I have two ideas on how to make this less annoying:

* We could have the release testers upload a .sha256 file together
with the distribution that contains a single line with the expected
hash. We could then write a script that takes the sha, compares it and
if it's correct signs it with the release key and uploads to github.
This can either be automated to run on a cron schedule or something
that Tom runs manually on his machine. The downside to this method is
that we remove the separate channel for the sha256 transmission. So if
someone would want to upload a malicious build he would "only" need to
gain access to the sftp. I am not that worried about that at this
moment, but something to consider.

* The other more secure option is that the release testers actually
sign the binaries with their own key. These key identities could be
then be send async to Tom and now the script would check the signature
against the list of known testers. This would solve any point of
origin problems. But it would require a bit more on the release
testers side. For my part I think it might be worth doing this, we
could even write a script that could automate this on the testers side
as well.

I direct this question to the testers and the community at whole, what
do you guys think about the extra work and the security tradeoffs
here?

Thanks,
Tobias

I have the same question I had when the last discussion of pointer signing came up: what is the threat model?

The first doesn't seem to gain any benefit at all from the hash. This could easily be computed on the server because anyone with the ability to tamper with the distribution can also tamper with the hash.

The second still doesn't really answer the question about what the signature is for. A cryptographic signature is an attestation of some identity, coupled with a set of claims. I think that the *most* that we're able to claim with the current and proposed infrastructure is that the LLVM project is able to identify the person[1] who tampered with the builds, if someone later identifies that the builds do not come from the source tree that they claim. As a user, that doesn't seem like it's particularly valuable.

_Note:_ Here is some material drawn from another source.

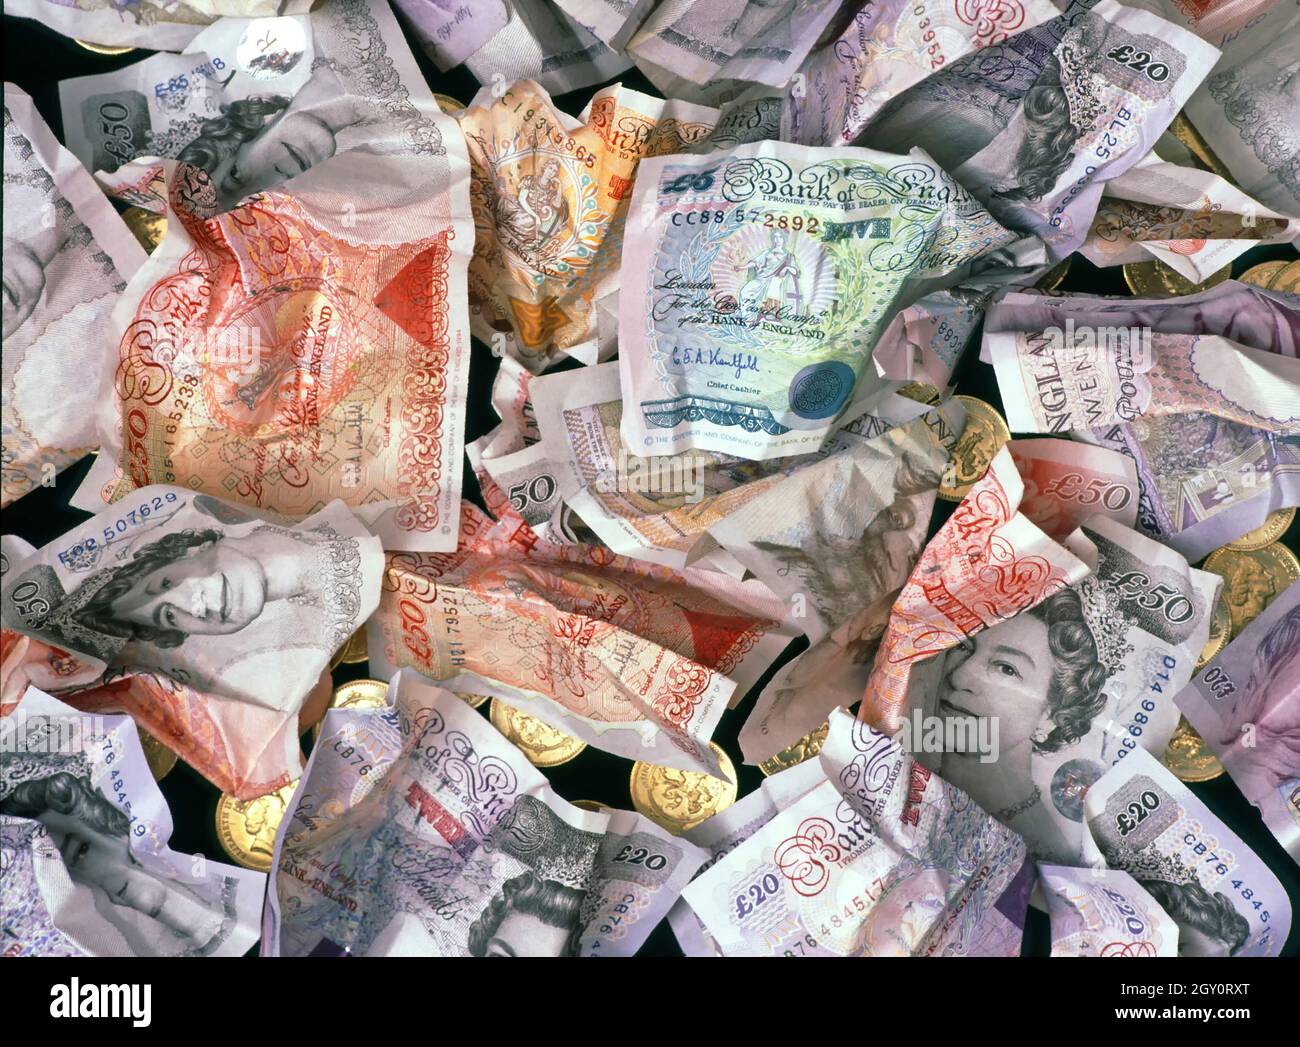 Primo piano immagine del concetto di fondo avvitato storico Regno Unito schiacciato buttato via obsolete e ridondanti banconote in carta sterlina in un'età di plastica e scheda Foto Stock

Given that LLVM is intrinsically a cross-compiler and can self-host for all of the platforms that we care about, if we want to improve this process *and* be able to make some useful claims, I'd propose that we move away from individuals building things on their own hardware and towards individuals (or groups) maintaining sysroots (or, ideally, scripts for fetching everything that goes into a sysroot from upstream) and we do all of the builds on a pristine VM. We can then automate the signing process as the next step in a pipeline that consumes the build artefacts. We may need to do Windows and macOS builds on those systems, but *BSD, Solaris, Linux, and so on, for any architecture, should all be able to build on any platform because all of the headers and libraries are available and free to redistribute.

David

[1] Using the term 'person' in the loosest possible sense of the word. We don't check ID or anything and on the Internet no one knows that you're a dog. I have a reasonable amount of confidence that I know who Dim is when he produces the FreeBSD builds, but I don't think the project as a whole - and Tom in particular - have any evidence that they could present about whether he is really who he claims to be. The most that we can really claim is that we can map from a binary to an email address and that's such a weak claim that I'm not really convinced that it merits the effort in cryptographic signing.

Hello David,

I have the same question I had when the last discussion of pointer
signing came up: what is the threat model?

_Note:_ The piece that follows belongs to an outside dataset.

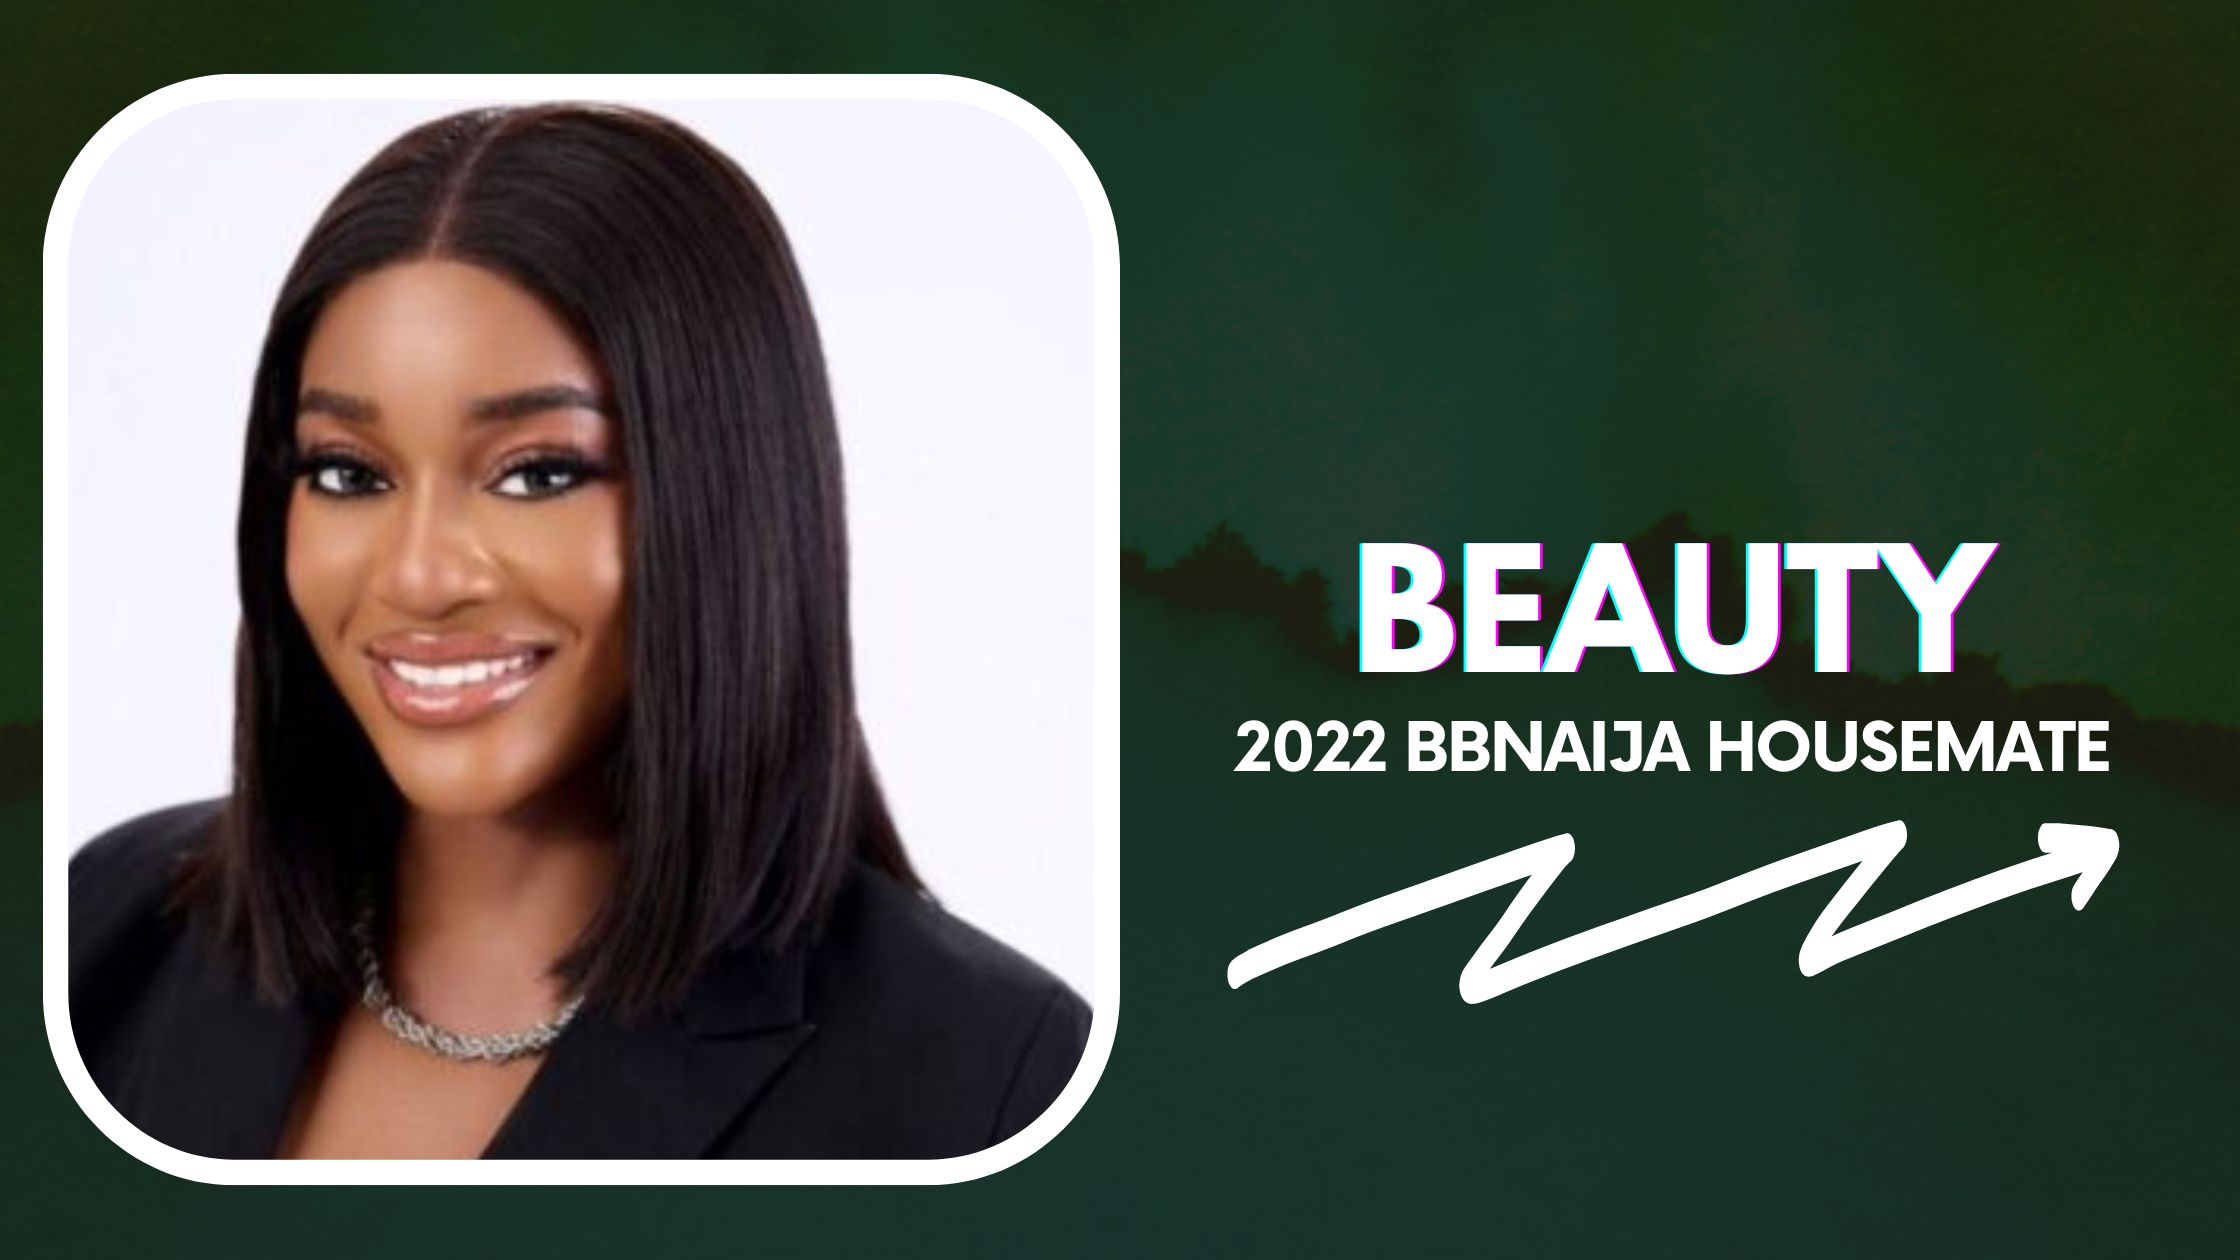 Meet Beauty, 2022 BBNaija Housemate

The first doesn't seem to gain any benefit at all from the hash. This
could easily be computed on the server because anyone with the ability
to tamper with the distribution can also tamper with the hash.

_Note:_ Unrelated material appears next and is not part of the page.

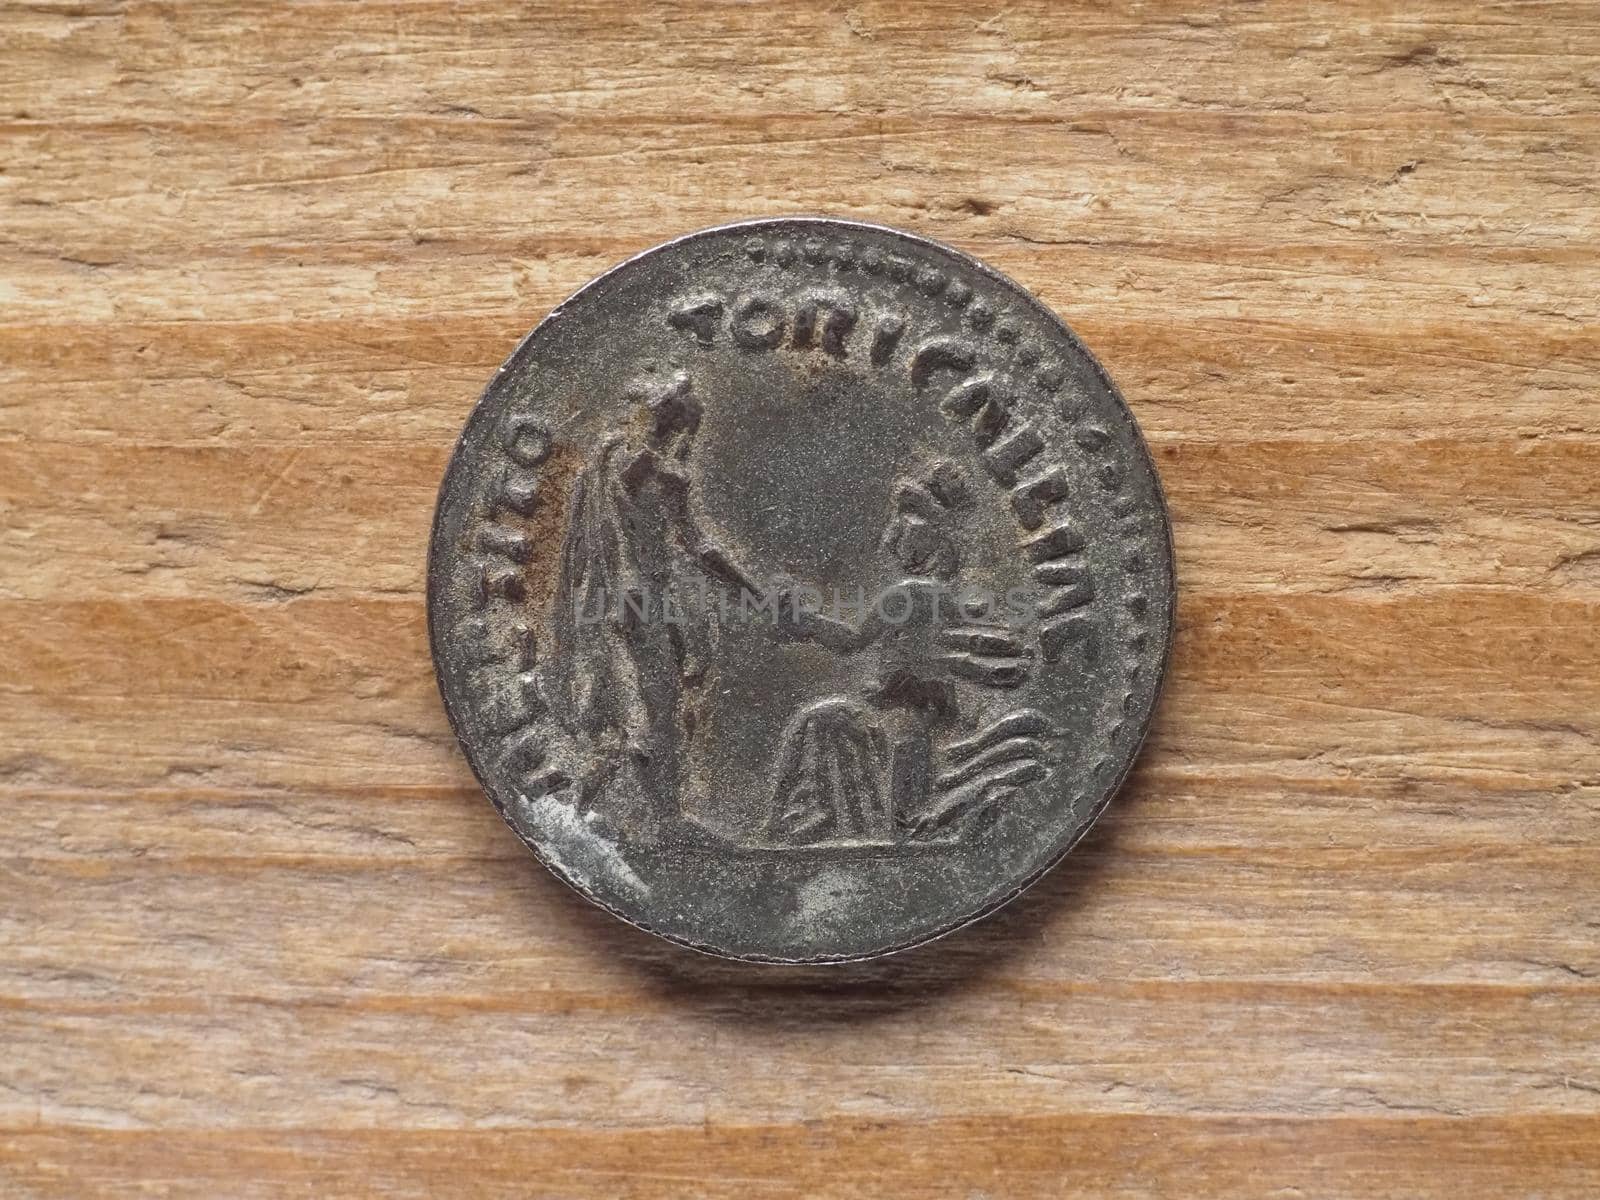 Ancient Roman denarius coin reverse side showing restoration of Gaul by emperor Hadrian circa 130 bC

The benefits here are not so much security, but it's more that it's a
correct upload of the binary from the testers side. It's slightly
worse than what we have today in terms of security, but a massive step
forward in convenience.

The second still doesn't really answer the question about what the
signature is for. A cryptographic signature is an attestation of some
identity, coupled with a set of claims. I think that the *most* that
we're able to claim with the current and proposed infrastructure is that
the LLVM project is able to identify the person[1] who tampered with the
builds, if someone later identifies that the builds do not come from the
source tree that they claim. As a user, that doesn't seem like it's
particularly valuable.

I agree with all of these points. We can't 100% know who is
identifying as that person currently. When we can meet physically
again a signing party could work for that, but that would potentially
exclude people that could not travel etc.

Now, I wrote this email to try to solve the problem of manual having
to upload releases, not so much trying to solve the security issue. I
am hoping that a solution can be found that can solve both problems.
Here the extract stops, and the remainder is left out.